Spiraling plant costs

Hopes for a nuclear renaissance are based on the assumption that new nukes make economic sense. That isn’t clear, even with federal kick-starts. For example, at the end of January, MidAmerican Energy Holdings said it has lost interest in building a new nuclear plant in eastern Idaho.

The Omaha-based company, owned by billionaire investor Warren Buffett, said the Idaho plant would cost too much. Buffett would have financed the project, using his stellar credit rating, but he decided the financial risk had become unbearable. According to Nucleonics Week, MidAmerican was looking at a Mitsubishi 1,700-MW advanced pressurized water reactor for the site but recoiled at the hefty capital costs for the plant, which could exceed $3,000/kW.
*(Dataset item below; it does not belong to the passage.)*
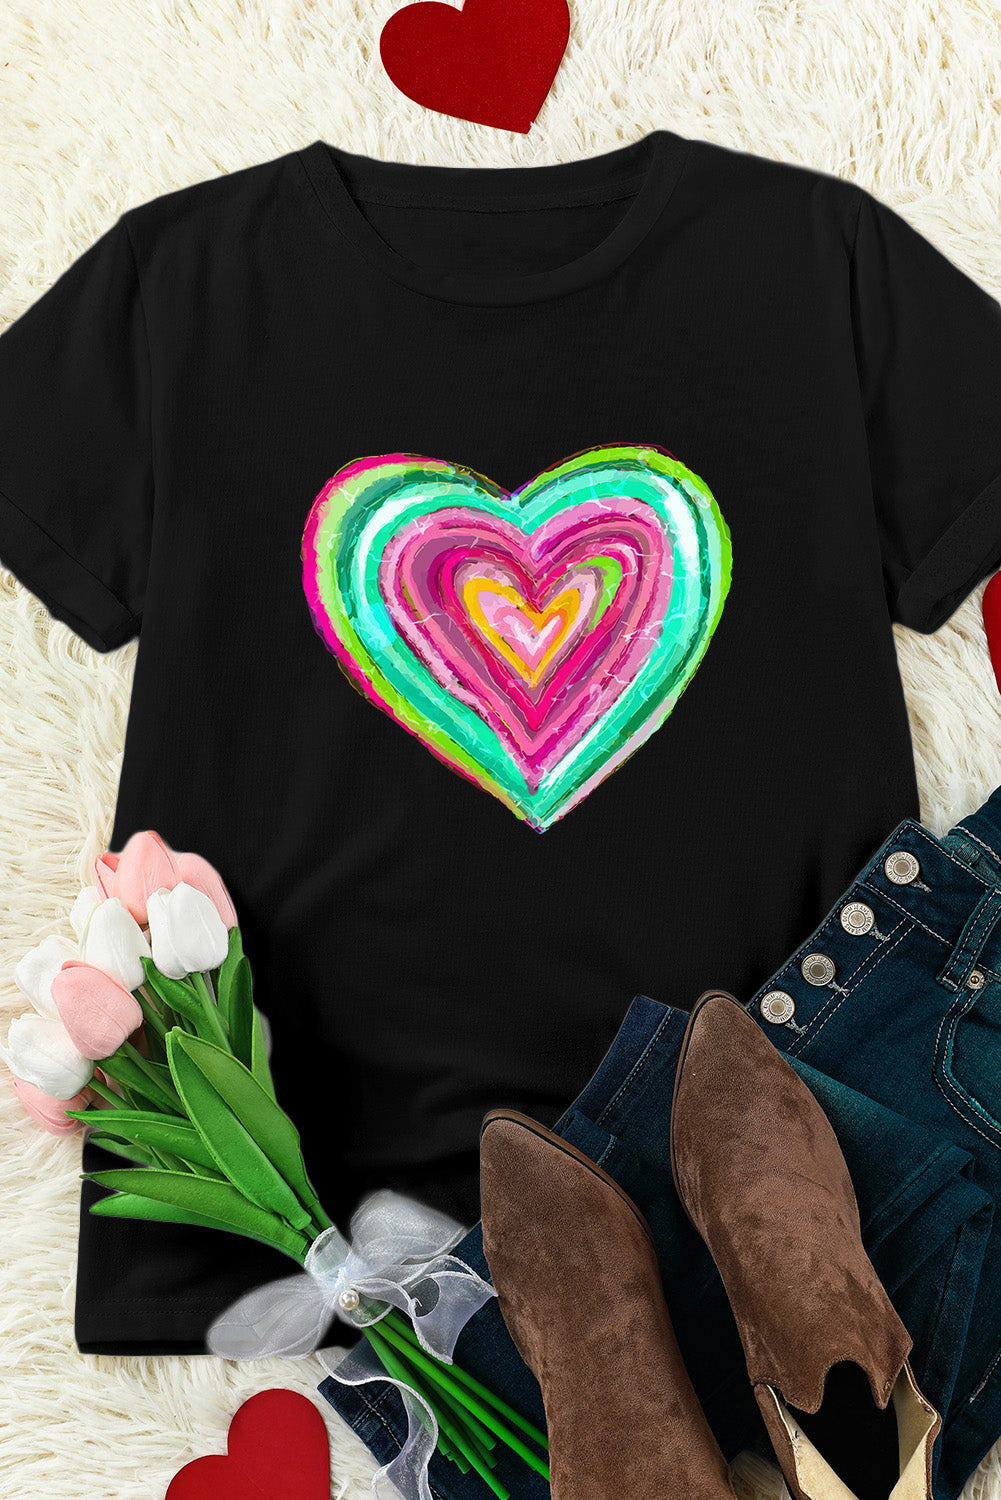 LC25224028-2-S, LC25224028-2-M, LC25224028-2-L, LC25224028-2-XL, LC25224028-2-2XL, Black Valentines Day Shirts Heart Shaped Print Crew Neck T Shirt

The same figure of $3,000/kW of capacity repeatedly came up at the Platts meeting, with some noting that costs are climbing rapidly, particularly for steel. Constellation has said its estimate for the Calvert Cliffs addition is about $3,000/kW, but it also acknowledged that the figure is two or three years old.

The announcement by MidAmerican prompted the anti-nuclear group Nuclear Information and Resource Service (NIRS) to comment: “If Warren Buffet cannot figure out how to make money from a new nuclear reactor, who can?” NIRS noted, “Even before any new nuclear construction has begun in the U.S., cost estimates have skyrocketed and are now 300-400% higher than the industry was saying just two or three years ago.”

Another report from the trenches of the nuclear renaissance came in late January from South Carolina Electric & Gas (SCE&G), which cited rising costs as the reason for putting on hold its plans to apply for a COL for two Westinghouse AP1000 units at its Summer site (Figure 3). Nucleonics Week said SCE&G began backing away from its COL plans last year. A source told the Platts newsletter that the utility might “still pursue a COL, which could be ‘banked’ and used in the future.”

3. Pay to play. South Carolina Electric and Gas began preparing a combined construction and operating license application for a second unit at its V.C. Summer Nuclear Power Plant in early 2006. But the work was recently put on hold due to rising plant capital cost estimates. Courtesy: South Carolina Electric and Gas

John Reed of Concentric Energy Advisors told an SNL EXNET symposium early this year that the realistic cost of a new 2,200-MW nuclear plant would be $5,500 to $8,000/kW, for a total cost of $12 billion to $18 billion.

An article at SNL Interactive in early February commented, “One problem with the excitement around the nuclear renaissance in the power industry is that, in reality, the revival is quite slow.”